Organisation: Unsere Hubmanagerinnen in den Städten und Regionen koordinieren alle Events und Veranstaltungen. Online und bei euch vor Ort. Sie akquirieren Speakerinnen, knüpfen lokale Partnerschaften, planen Events, buchen Locations und kümmern sich um das Catering.
Planung & Strategie: Unsere Geschäftsführung, die WiM Base, kümmert sich um die Ausrichtung von WiM, sucht gezielt nach Unterstützern und Partnerschaften, die auf die Ziele von Women in Mobility einzahlen und unterstützt die Hubs im Hintergrund in ihrer Arbeit.
Markteing & Kommunikation: Das Office-Team übernimmt die Kommunikation der WiM Events vom kleinen Stammtisch bis zur großen Messe in Newslettern und Social Media, damit die Veranstaltungen
Und dann sind da noch die vielen kleinen, unsichtbaren Dinge: die E-Mail, nit der eine Expertin als Speakerin vorgeschlagen wird. Die Nominierung einer Frau für einen Preis. Der spontane Kaffee, der einer Newcomerin Orientierung gibt. Das Netzwerken, das eine Tür öffnet.
Ehrenamtliche bewegen die Mobilität
Women in Mobility sind aber nicht die einzigen, die sich ehrenamtlich für eine bessere Mobilität einsetzen. Der Allgemeine Deutsche Fahrrad-Club (ADFC) zum Beispiel ist eine der größten Mobilitäts-Lobbyorganisationen Deutschlands und lebt zu einem großen Teil von ehrenamtlichem Engagement: von lokalen Ortsgruppen, die Fahrradrouten erkunden, über die Koordination des jährlichen Fahrradklimatestest bis hin zur politischen Arbeit.
Auch bei den Verkehrswachten in Deutschland sind ehrenamtliche Schülerlots:innen, Trainer:innen und Berater:innen unverzichtbar. Sie sorgen dafür, dass Kinder sicher zur Schule kommen, führen Tote-Winkel-Aktionen durch und unterstützen die Polizei bei Großveranstaltungen.
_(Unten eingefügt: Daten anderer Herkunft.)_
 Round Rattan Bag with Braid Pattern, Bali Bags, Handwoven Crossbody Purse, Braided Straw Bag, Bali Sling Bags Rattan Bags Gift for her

Und allein in NRW engagieren sich in fast 150 Bürgerbusvereinen rund 3.200 ehrenamtliche Fahrerinnen und Fahrer. Sie befahren Strecken, wo es keinen regulären ÖPNV mehr gibt und befördern jedes Jahr mehr als 1,2 Millionen Fahrgäste. Bürgerbusse sind ein besonderes Beispiel dafür, wie ehrenamtliches Engagement Mobilität ganz konkret verändern kann. Anders als klassische Mitfahrangebote oder Rufsysteme sind Bürgerbusse regulärer öffentlicher Verkehr. Sie fahren auf festen Linien, haben Haltestellen und Fahrpläne und sind in den ÖPNV eingebunden. Eingesetzt werden Bürgerbusse vor allem dort, wo klassische Verkehrsangebote an ihre Grenzen stoßen: in ländlichen Räumen, kleineren Gemeinden oder auf Verbindungen, die wirtschaftlich schwer darstellbar wären. Sie schließen Lücken, verbinden Ortsteile, bringen Menschen zu Bahnhöfen, Arztpraxen oder Einkaufsmöglichkeiten und sichern damit Mobilität und gesellschaftliche Teilhabe.
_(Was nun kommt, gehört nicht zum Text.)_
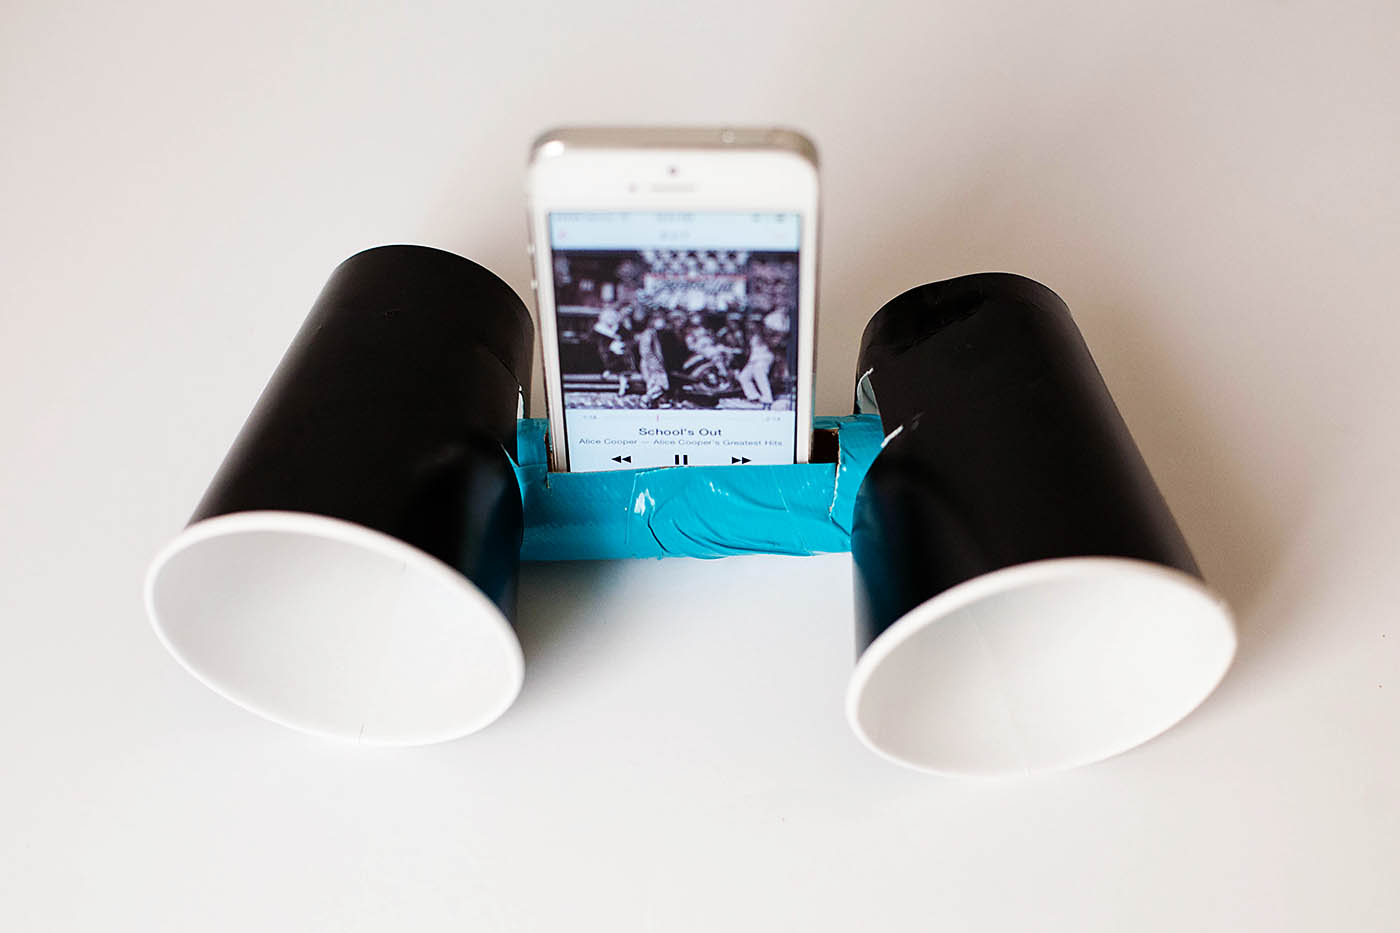 DIY speakers from All for the Boys blog

Ihr Erfolg liegt aber nicht nur darin, Verkehrsangebote aufrechtzuerhalten. Die Menschen vor Ort gestalten ihr eigenes Mobilitätsangebot mit und übernehmen Verantwortung für ihre Region. Denn die Fahrerinnen und Fahrer sind Ehrenamtliche.
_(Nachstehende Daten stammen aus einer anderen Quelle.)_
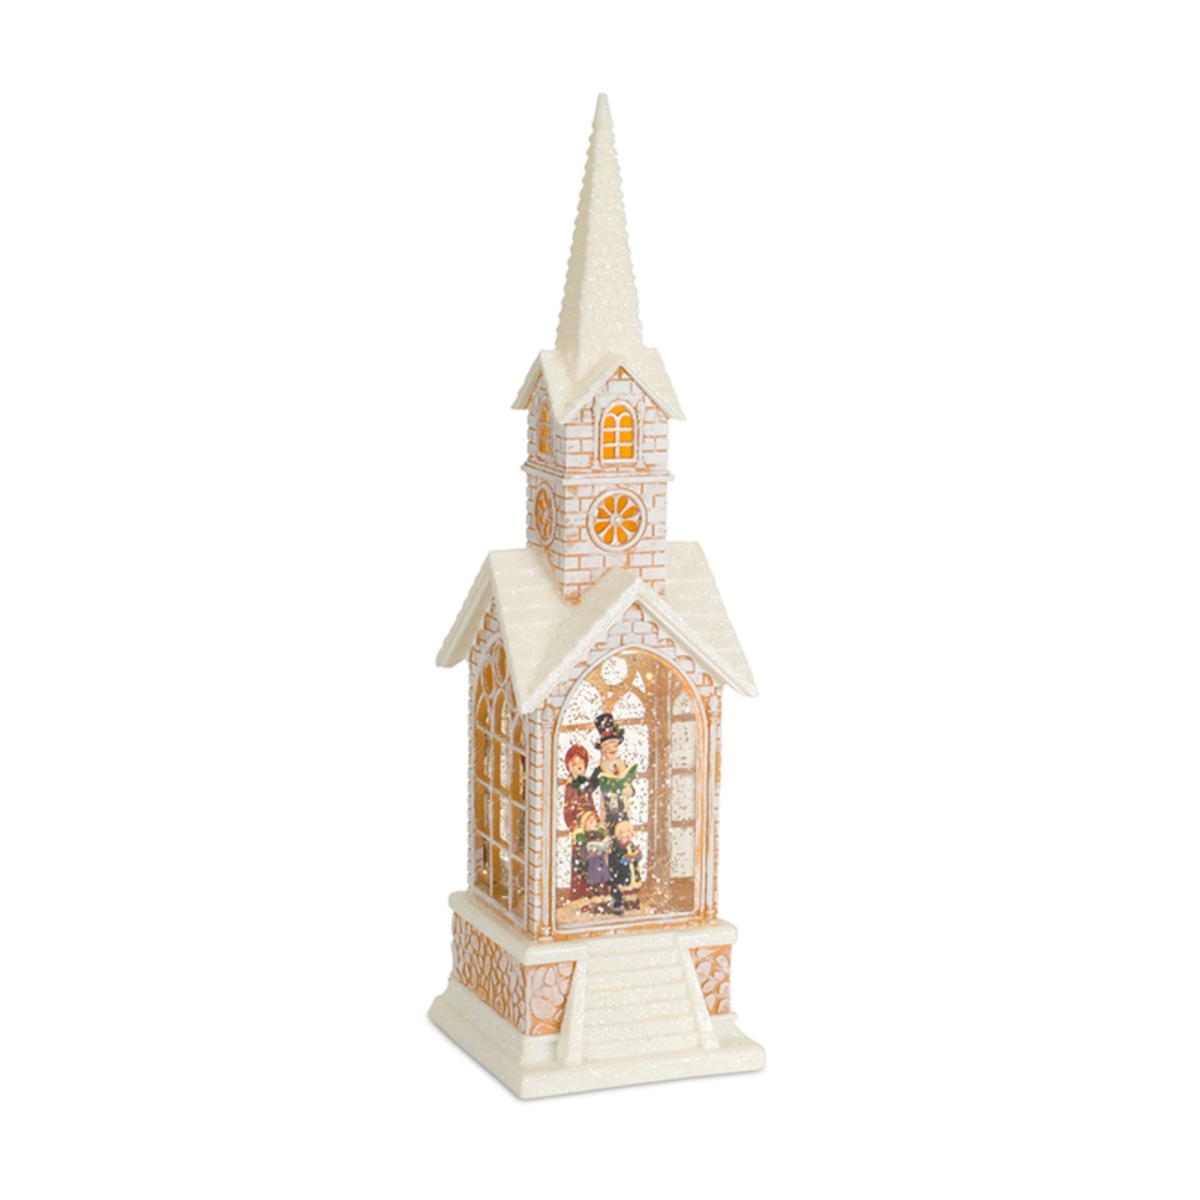 72826ds 16.25 In. Church Snow Globe With Carolers Plastic - White & Brown

Beim Projekt „Koordinierung von Haupt- und Ehrenamt im ländlichen Raum am Beispiel der Koproduktion von Mobilitätsdienstleistungen“ (KOMOBIL2035), das den Erfolg von Bürgerbussen untersucht, heißt es:
"Mobil zu sein, ist die Voraussetzung für die Teilhabe am öffentlichen Leben. In vielen ländlichen Räumen gehen Gemeinden deshalb neue Wege, um die Versorgung ihrer Bevölkerung mit Angeboten des täglichen Bedarfs zu sichern und die Attraktivität der Kommune weiterhin aufrecht zu erhalten oder zu steigern. Um dies zu gewährleisten, ist ehrenamtliches Engagement unverzichtbar geworden."